Our integration testing stack

Since we are working with CircleCI, we’ll be using CircleCI Insights to generate the report.

Let’s get started

We have a shared environment that is dedicated to integration testing. Every developer deploys the feature stack when commiting code for a new feature to run the integration tests against. We use this shared environment to run our proactive integration testing strategy simulating the work of our developers. To do this, we replicated the full development cycle that each of our engineers follows when they test a new feature in the integration environment. That means replicating the full deployment of all AWS resources in the stack, configuring them, and running the Mocha integration tests.

CircleCI jobs

We wanted to simulate several developers’ cycles at the same time. To do this, we used CircleCI jobs running in parallel, with each job representing an individual developer.

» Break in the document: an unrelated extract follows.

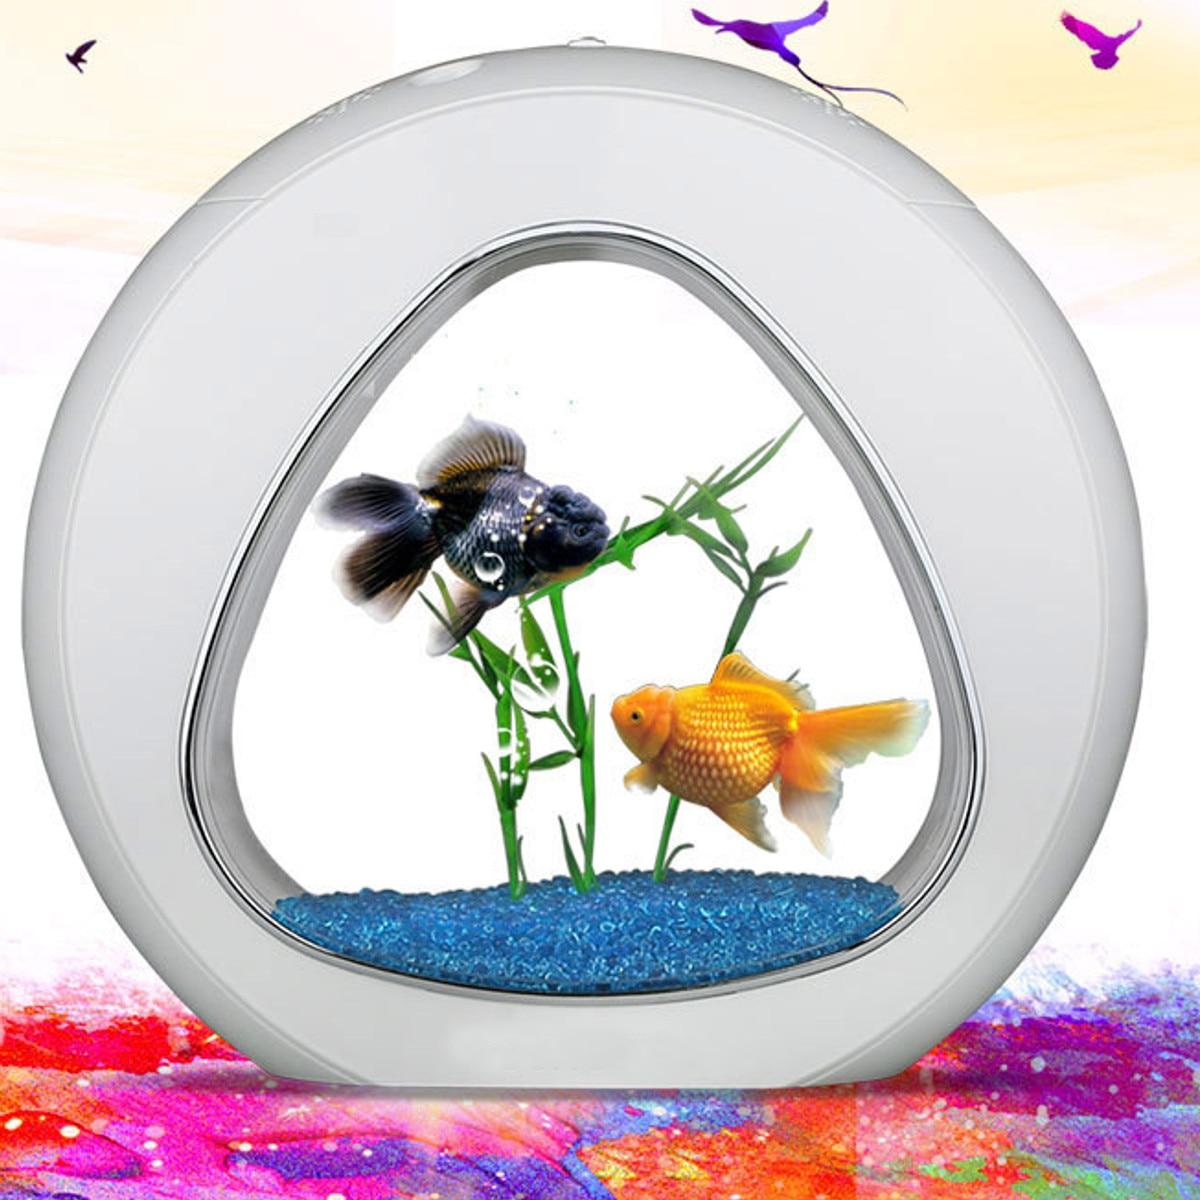 Système de lumière LED écologie réservoir de poisson intégration filtre à eau pompe à oxygène Mini Aquarium maison bureau Aquarium Table décoration

Each of these jobs ran the same steps (a step is a collection of executable commands) with only one difference - each one used a different variable to define the individual stacks: developer 1, developer 2, etc.

For example:

    executor: my-executor
      - checkout_utils
      - checkout_code
      - prepare_deploy
      - deploy_and_test:
          to: "developer1"

    executor: my-executor
      - checkout_utils
      - checkout_code
      - prepare_deploy
      - deploy_and_test:
          to: "developer2"

    executor: my-executor
      - checkout_utils
      - checkout_code
      - prepare_deploy
      - deploy_and_test:
            to: "developer3"

    executor: my-executor
      - checkout_utils
      - checkout_code
      - prepare_deploy
      - deploy_and_test:
          to: "developer4"

CircleCI commands

Since the steps were the same in each job (with the exception of the variable) we used CircleCI commands to define a sequence of steps to be executed in the job, which enabled us to reuse a single command definition across multiple jobs.

To address the variable used to identify each job individually, we used the commands parameter which allowed us to pass the string value for the variable with a key.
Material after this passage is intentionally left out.